When gas came to Lauscha in 1863, glass blowing became much easier. Now the glass could be blown much thinner without bursting, and it was possible to use wooden moulds to blow the glass into to create shapes and “figurals”. By the 1870s, Lauscha was exporting glass balls to Britain and America. By the 1890s just about everybody in Britain had trees laden with glass shapes.
Europe clung to tradition for a while longer, alternating glass with traditional fruits (Germany), paper scissorcuts (Poland), and straw (many alpine areas in Switzerland, Austria etc.) The Italians had a Ceppo instead of a tree, which was pyramid shaped shelves with a Nativity on one shelf and fruits and floral decorations on the others. Scandinavian countries had ideas that were a far cry from these, and used grain garlands, straw goats, little wooden gnomes called Tomte, Nisse or Gubbe. Red and white themes and many candles.

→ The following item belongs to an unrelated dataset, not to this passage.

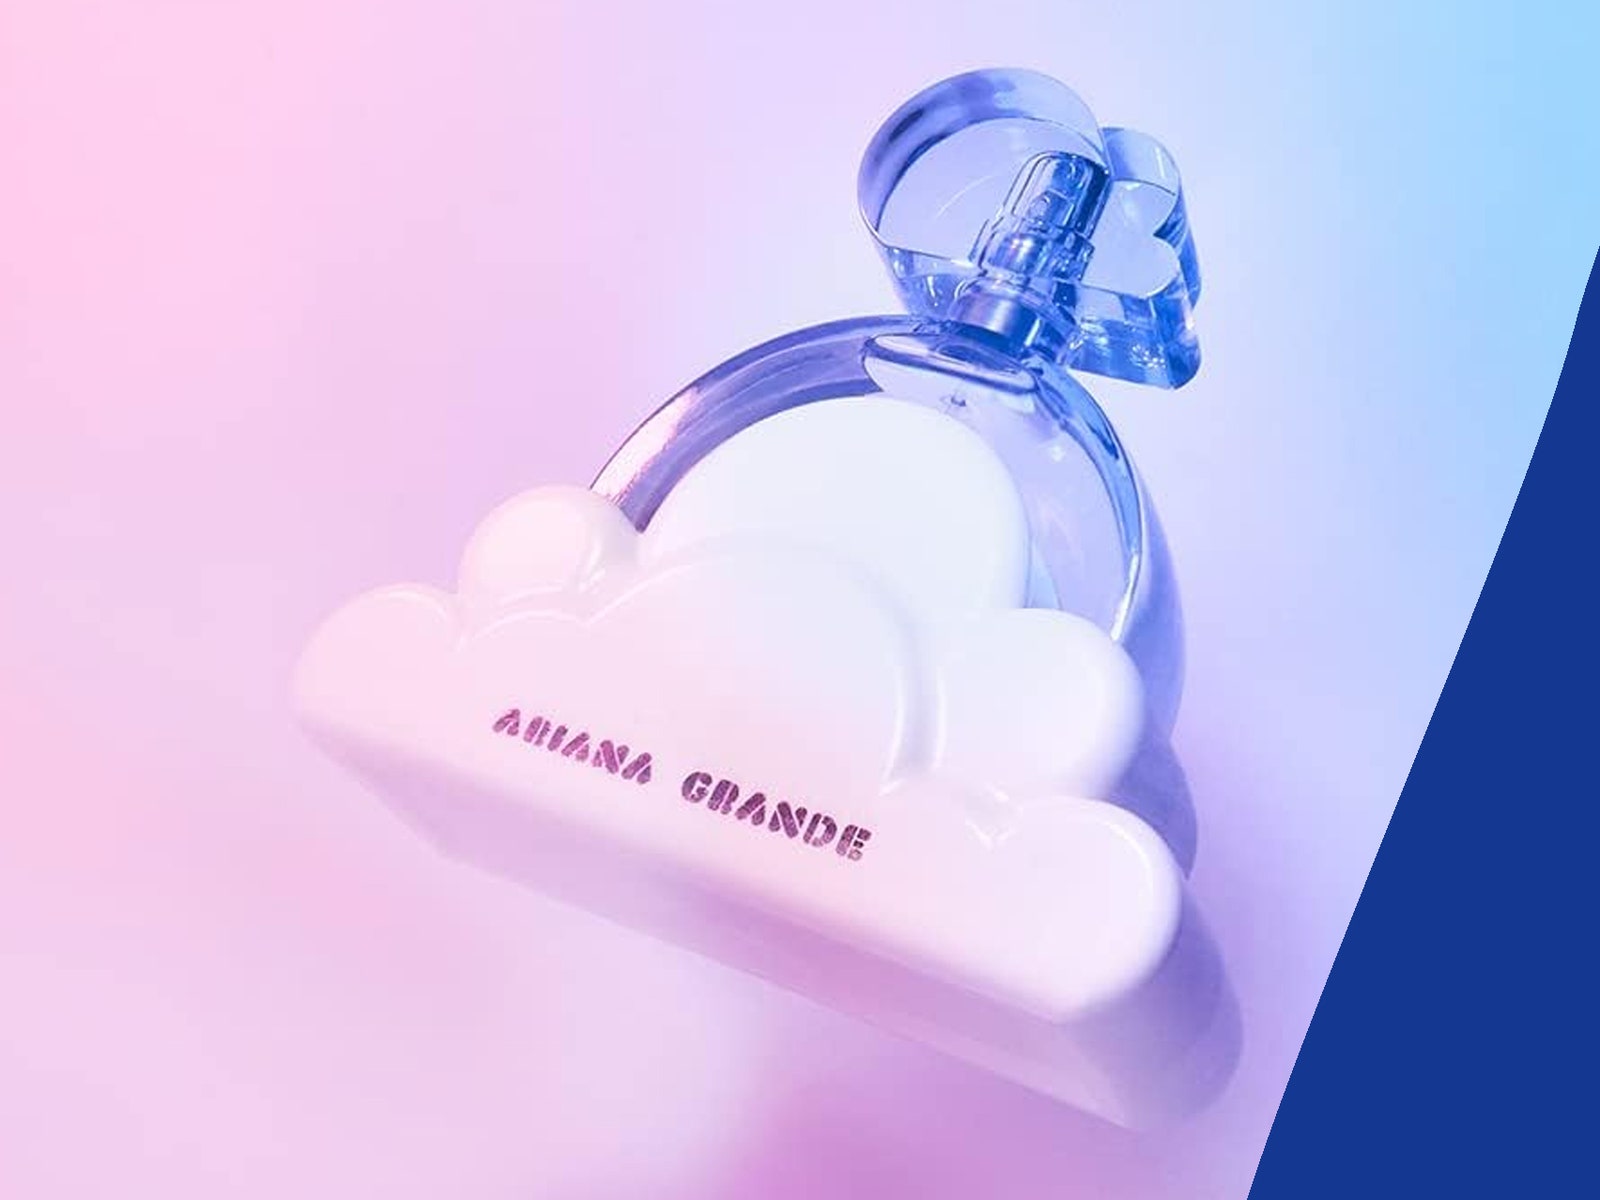 These early Prime Day fragrance deals are too good to miss (discounted Ariana Grande Cloud, was that?)

Around 1880 or so, F. W. Woolworth’s began selling imported German Christmas ornaments on a large scale basis. At first it wasn’t a given that sales would thrive since these items were still considered unusual, but by 1890 Woolworth was selling $25 million dollars per annum in ornaments.
Christmas Tree Lights
There is a legend that says that Martin Luther, founder of the Protestant religion began the custom of putting candle lights onto trees. The end of the 19th century saw experiments with gas lights (many blew up!) and early electric lights too. The first electrically lighted tree was created by Edison in America, in the 1880s.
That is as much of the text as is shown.